The sparkle of life...

...fighting only
to live

...as a broken
soul,

...where nothing
matters no more.

...emotions
so icy and cold,

...like a nightmare
a storm.

...forced
on the ground,

I stumble
I fall,

...reminding me,
I am broken

...

Hanne you pull from yourself so much more than seems possible while living life in a forward fluid motion with a strength and determination that is only rivaled by your perseverance . Amazingly you take the time to express where you are in your journey with words that are alive with a truth that may be shared by more than a few ....

Be good to you . Take careof you .

Hanne, you are always in my prayers, Louisa

Hi Hanne,

In reading your story and in posts, I find many words to describe you such as smart, kind, strong resilient. I don't think broken at all. I was very frustrated and angry back in 2006, and that anger propelled me to seek out new therapies to improve my walking (and to stop tripping). I hope your frustration leads you to better days as well. Never give up hope is required, just like breathing.

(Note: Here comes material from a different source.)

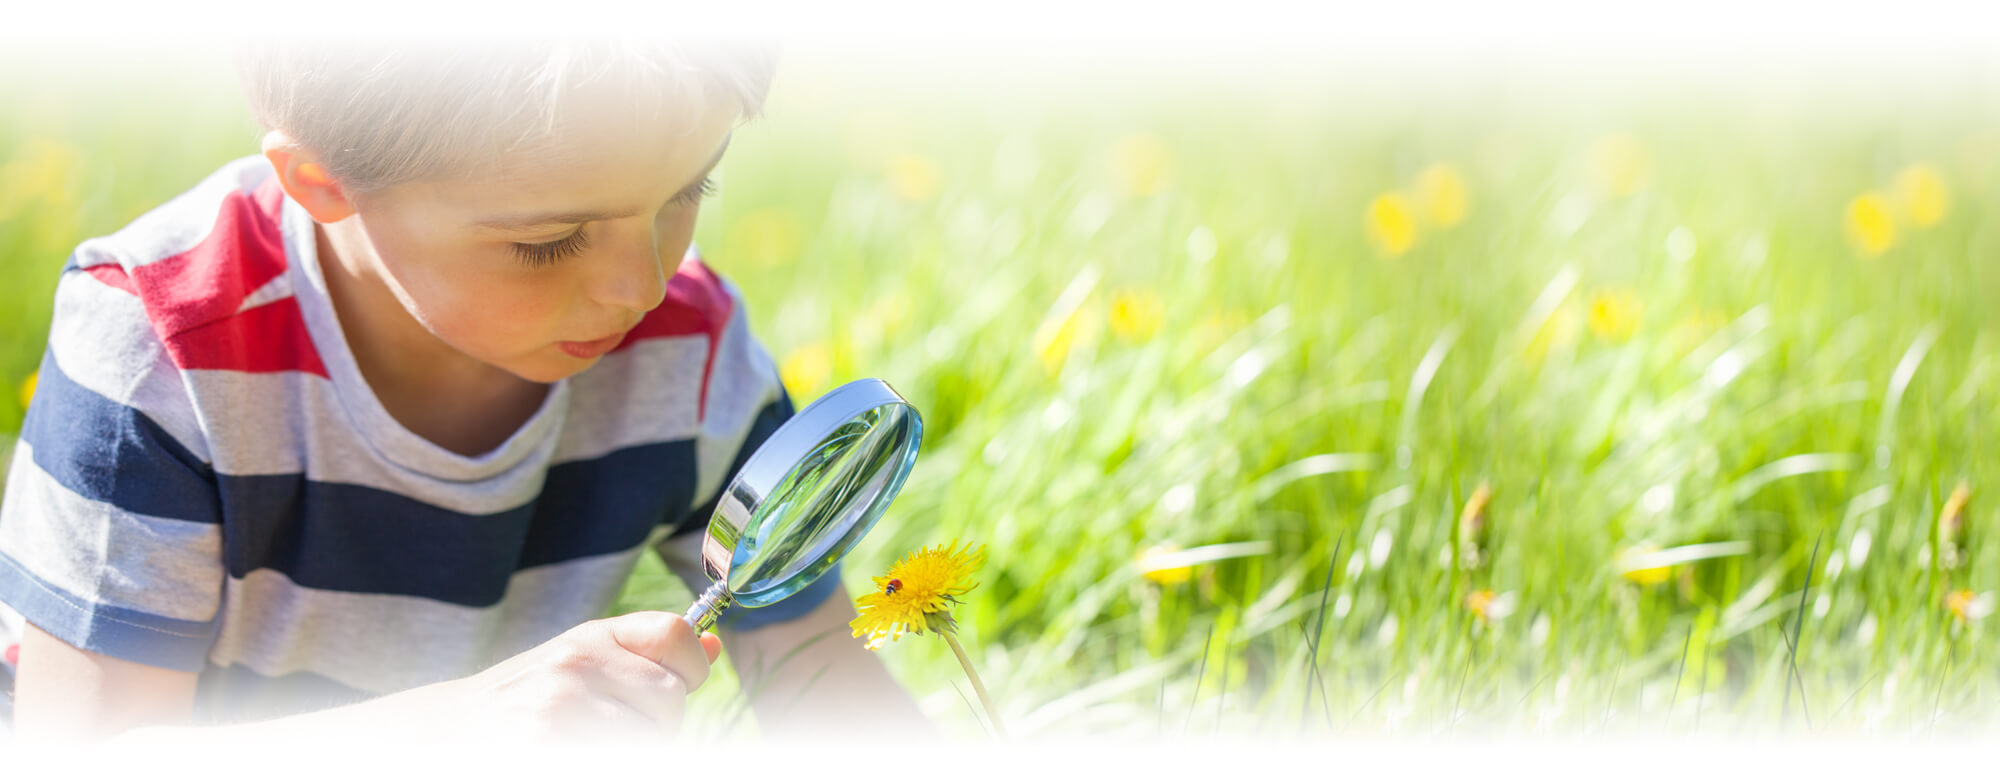 Kindergarten boy with magnifying glass

Your post, by the way, was beautiful in a sad way. I would add a last line though.... I never give up, because though I cannot see it, bright days are in my future. When I see them, I will be surprised and glad.

Hanne- what a great poem. I'm sure so many of us have felt broken at one point or another. Or more than once!!! :)

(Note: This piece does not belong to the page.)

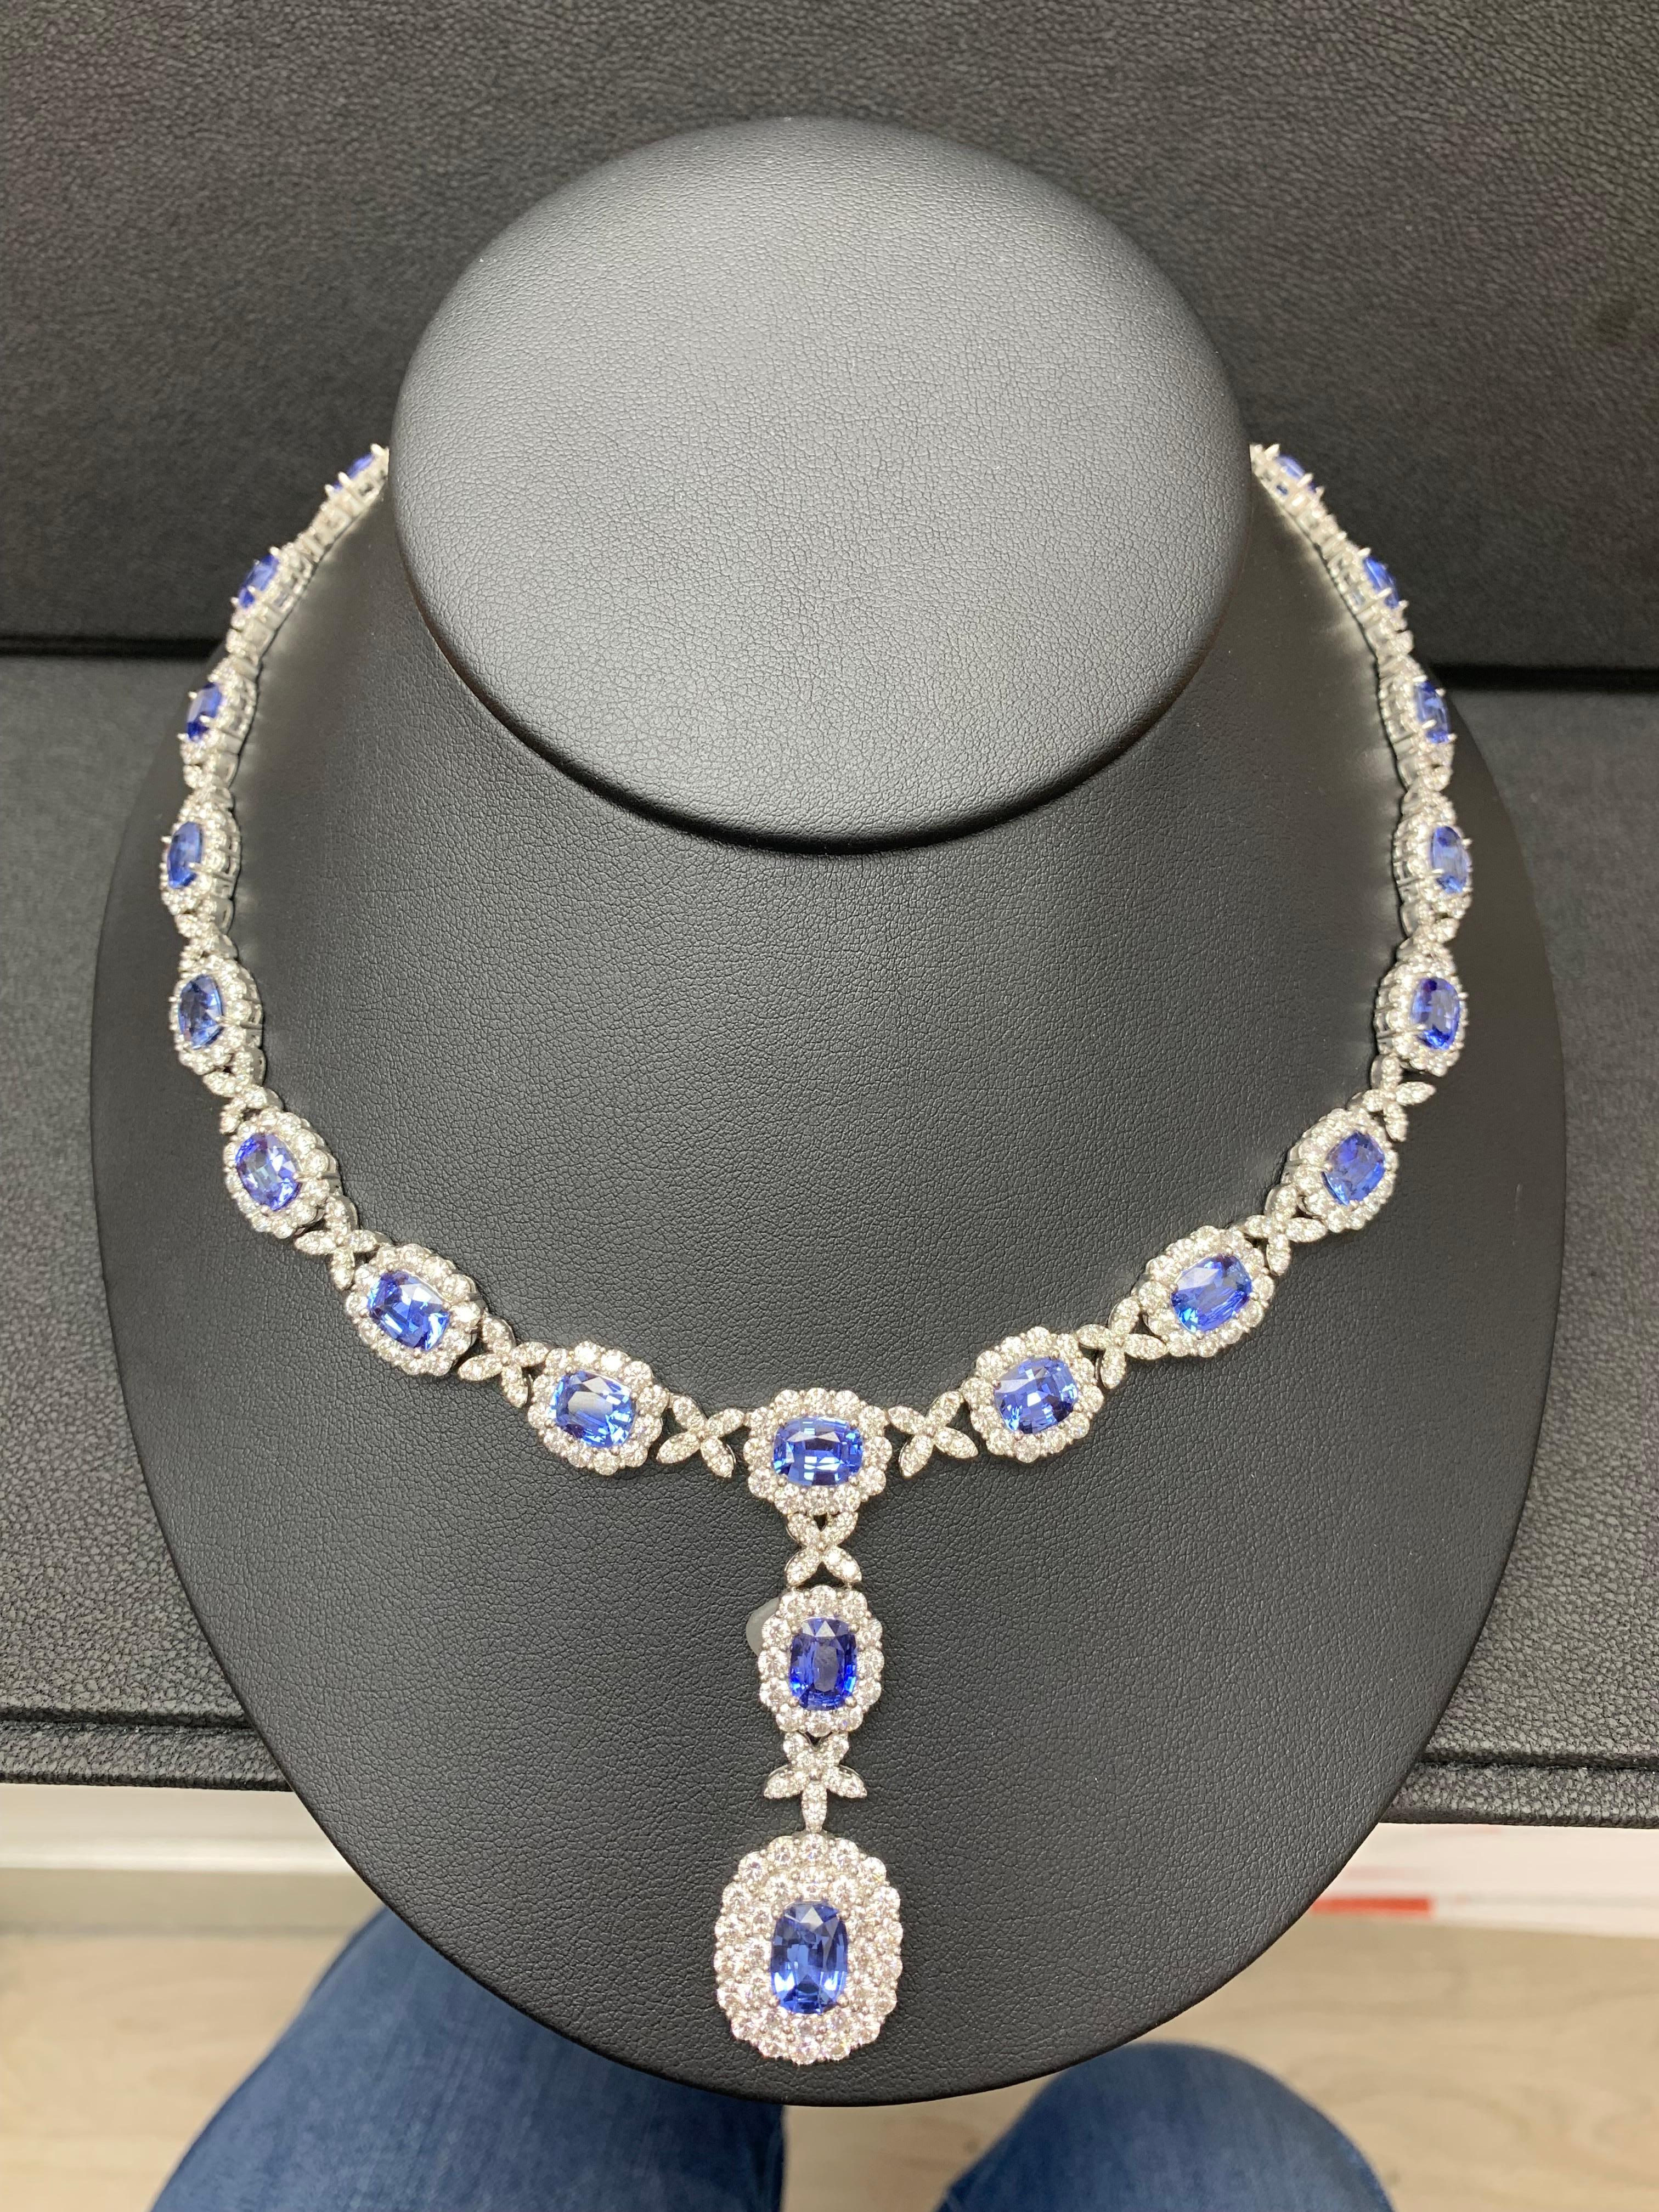 32.91 Carat Oval Cut Sapphire and Diamond Drop Necklace in 18K White Gold For Sale 12

And I hope that everyone knows that we all go through it, that we all have flaws and imperfections that make us loveable. The AVM and related things...just another part of us that has beauty in very odd and often hard to find ways. But giving a voice and strength to the part of us that "feels" broken is totally necessary and can be such a therapuetic thing. I hope that is what this poem has done for you. And maybe it will do it for others as well.

Thanks so much for sharing, for being part of this family, for encouraging others and yourself. It's all very good. And if the beauty and benefit you share with people here is the outcome of feeling broken, we should all be so lucky!

xoxo

Hanne, What an expressive poem. It saddened me. I hope you are able to continue with your strength.

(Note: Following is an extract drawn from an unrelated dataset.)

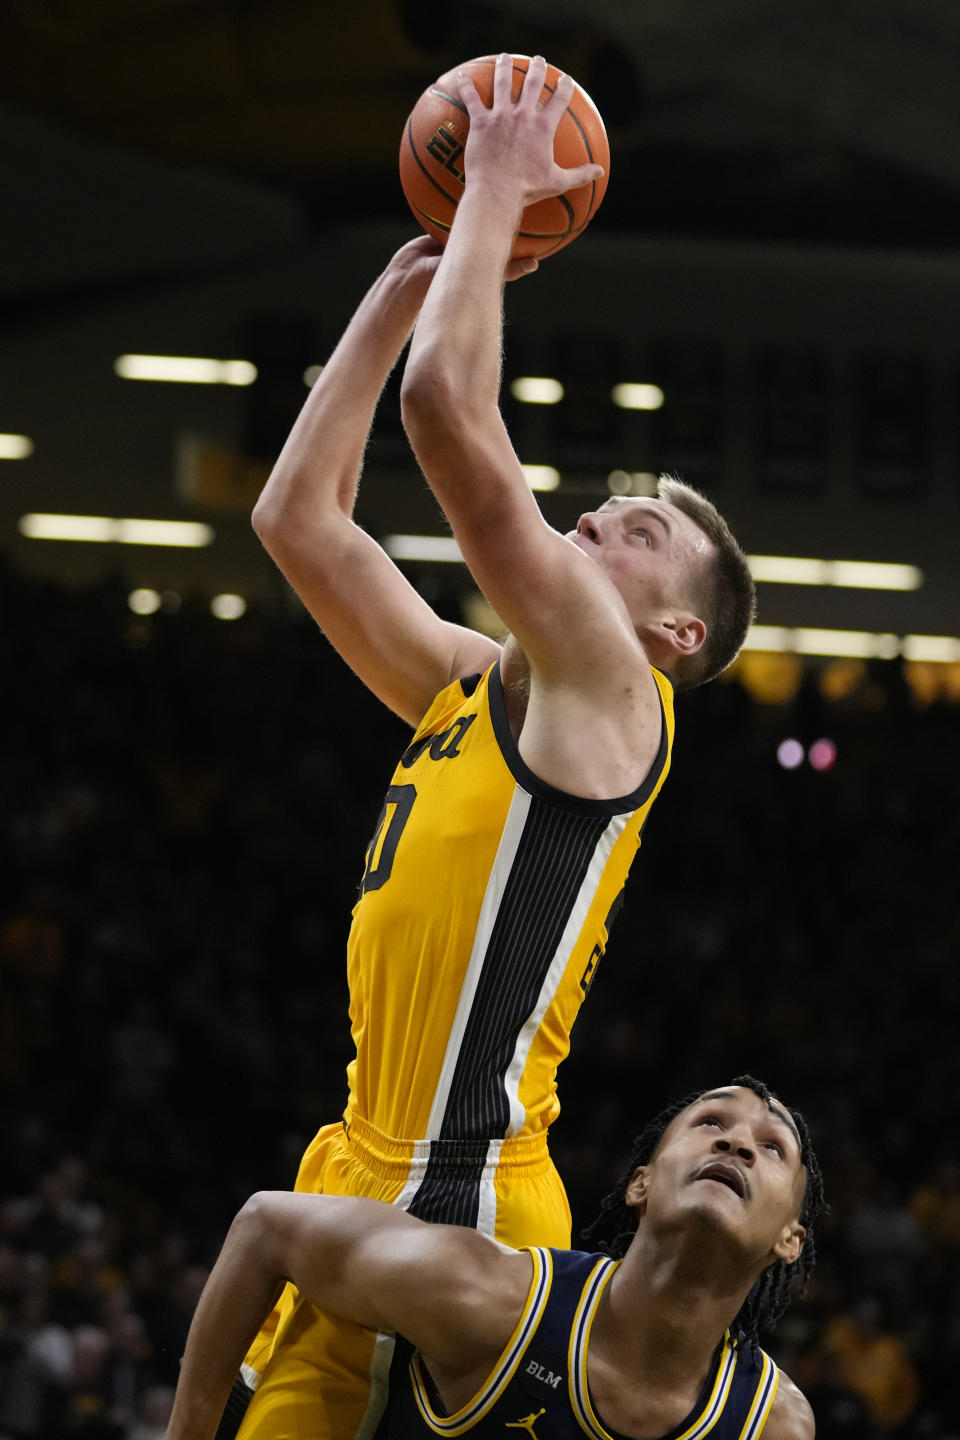 Iowa forward Payton Sandfort, top, is fouled by Michigan guard Dug McDaniel while driving to the basket during overtime in an NCAA college basketball game, Thursday, Jan. 12, 2023, in Iowa City, Iowa. Iowa won 93-84 in overtime. (AP Photo/Charlie Neibergall)

Beautiful poem. I often write when I feel frustrated. It usually helps, and I feel I've also created something from the pain I'm feeling. Hope your poem has done the same for you.

Take care,

Debbie

Thank you all for the feedback on my "Broken" poem... :)
I find it really therapeutic the whole process, juggling with words to express how I feel, ...and I agree with you Shalon that giving a voice to the part of us that feel "broken" can help us through difficult times, knowing that we are not alone.
Love and Peace & Happy New Year to you all!
Hanne xxx

I love your writing so much. It is nice that you can express yourself. You might feel broken, but you are a wonderful human being that others care about:)

Thank you James :)
The last two months has been a challenge in many ways... ...more than once the obstacles I have faced during this time has been a reminder how vulnerable I am.
How to cope during difficult times is not always so obvious when you are living in the middle of it. I like to think that I will grow from previous experiences but sometimes the energy needed to get through the lesson is more than I can produce. Then instead of growth, I feel "broken", but never lose hope that each stage in life has it´s own meaning and even if it sometimes can look that way....
...I refuse to give up...

Oh Hanne. I know you have endured such physical and mental hardships. I have been praying that 2011 is a better year for you. There is nothing wrong with being BROKEN...just makes you a more interesting person. I know people who have supposedly everything. Good health...great job...nice home and guess what...they are miserable. How sad and pathetic is that? You are a very talented and beautiful human being with many friends on this site and that makes you special in my book!!!!

Thank you Ben for caring!
This is the best I can send you to describe how I feel right now...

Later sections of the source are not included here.